Competitive Swinging by Paolo Salvagione
photo by Andria Lo
A delicate dance between spectator and athlete, a mediation on the properties of the pendulum, and unabashed grin-making installation art piece, Competitive Swinging by Paolo Salvagione, is now up at the Headlands Center for the Arts Gymnasium in Sausalito, CA.
Paolo Salvagione is the principal clock prototype engineer for The Long Now Foundation‘s Clock Of The Long Now, and was also an artist-in-residence at The Headlands Center last year. This year, when he was asked to create a piece for the old gym, he jumped at the chance:
“I had no idea what I would do, I just knew I loved the space. The piece reveled itself slowly. All the ingredients were there in my mind, dreams, childhood playground memories, pendulums. The challenge of a space that big is how to activate it, it was built in 1907. I spent the evening there with bottle of wine and watched the space as the sun set. I noticed period hardware on the ceiling that once held climbing ropes, a common military exercise. From that observation the piece came together. The old basketball court ask for 5 people a side and the building has 5 window on each side. The nature of athletics asked for competition, my sense of humor loved the idea of competitive swinging.

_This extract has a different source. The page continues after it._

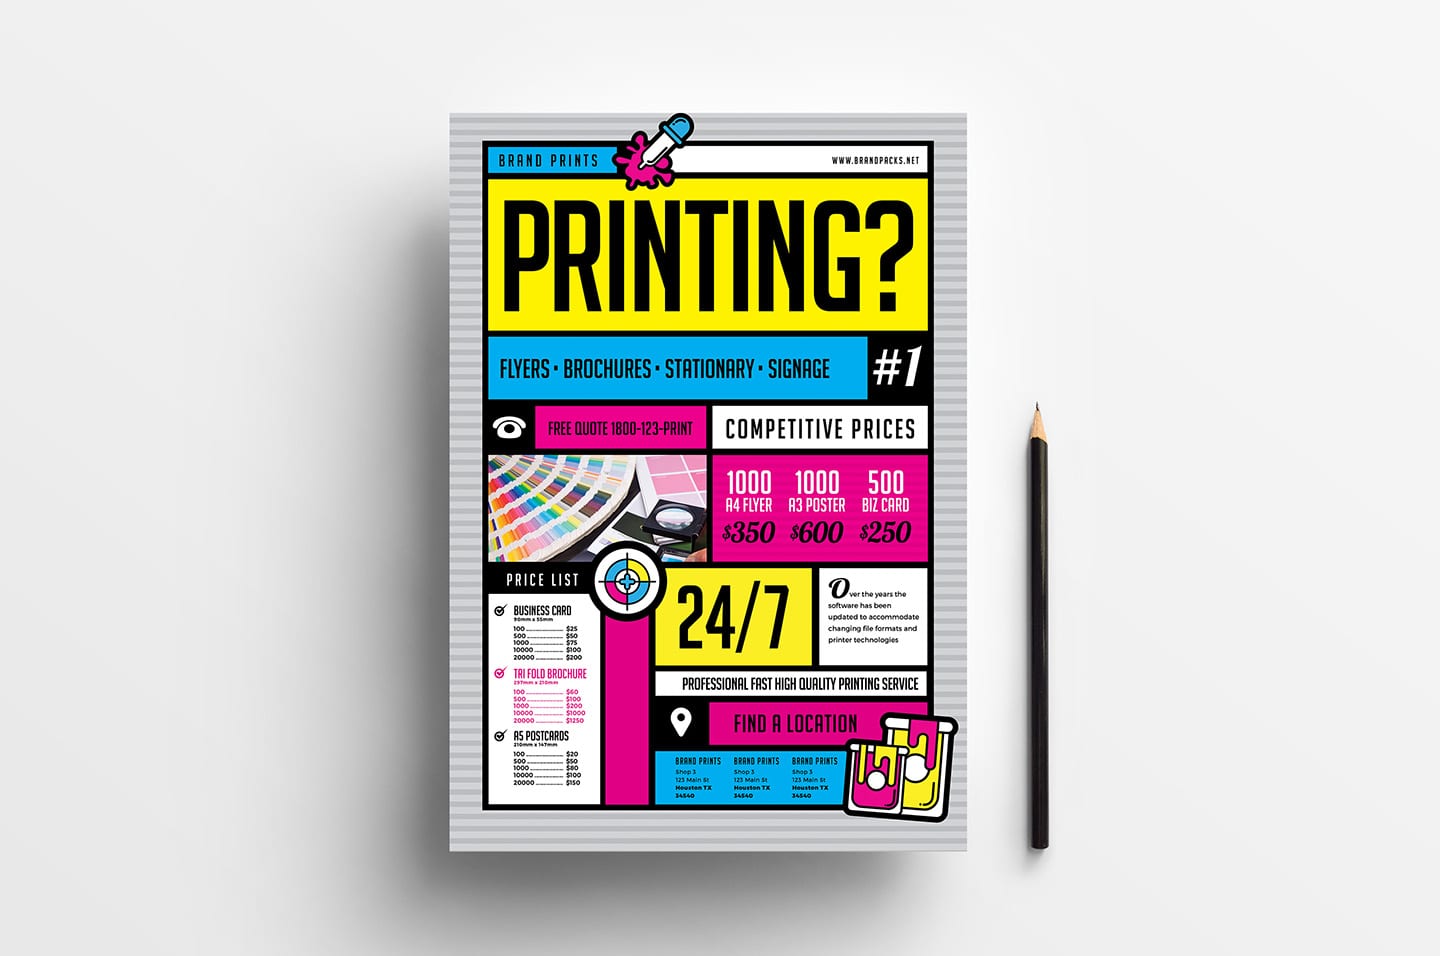 Free Print Shop Templates for Local Printing Services - BrandPacks

The next challenge was finding the right swings. In 1992 the rules, concerning playground equipment, were changed. The base of a swing had to be light enough not to break skin if a child was hit in the head with it. Hence the super light plastic swings in contemporary playgrounds. I was determined to reference the swings of my youth and decided to recreate the classic wooden swing with a rope instead of a chain. It was also my intent to make the swings perfectly quiet. I wanted to swing in the space in complete silence. There were a few moments where I thought my efforts to get to this swing-of-the-past seemed absurd but when the installation was complete I knew I had made the right decisions. An installation like this only comes to life when populated, with people, with smiles.”
With his work on the Long Now 10k Clock, and also as a former racing bicycle designer, Paolo rides the line between engineering and art. When asked if he is an artist moonlighting as an engineer, or an engineer in artist clothing, he responds:
“The engineering I do with the Long Now Foundation is monument scale art. My discipline informs my art, my art informs my discipline. The two are so tightly wound in my mind that I have a hard time thinking of one without the other. I feel compelled to show people the dimension that they live in but have forgotten about.”
The closing reception for Competitive Swinging will be at the Headlands Center on May 8th, form 12-5pm.
In the meantime, call ahead to the Headlands Center to see the piece yourself.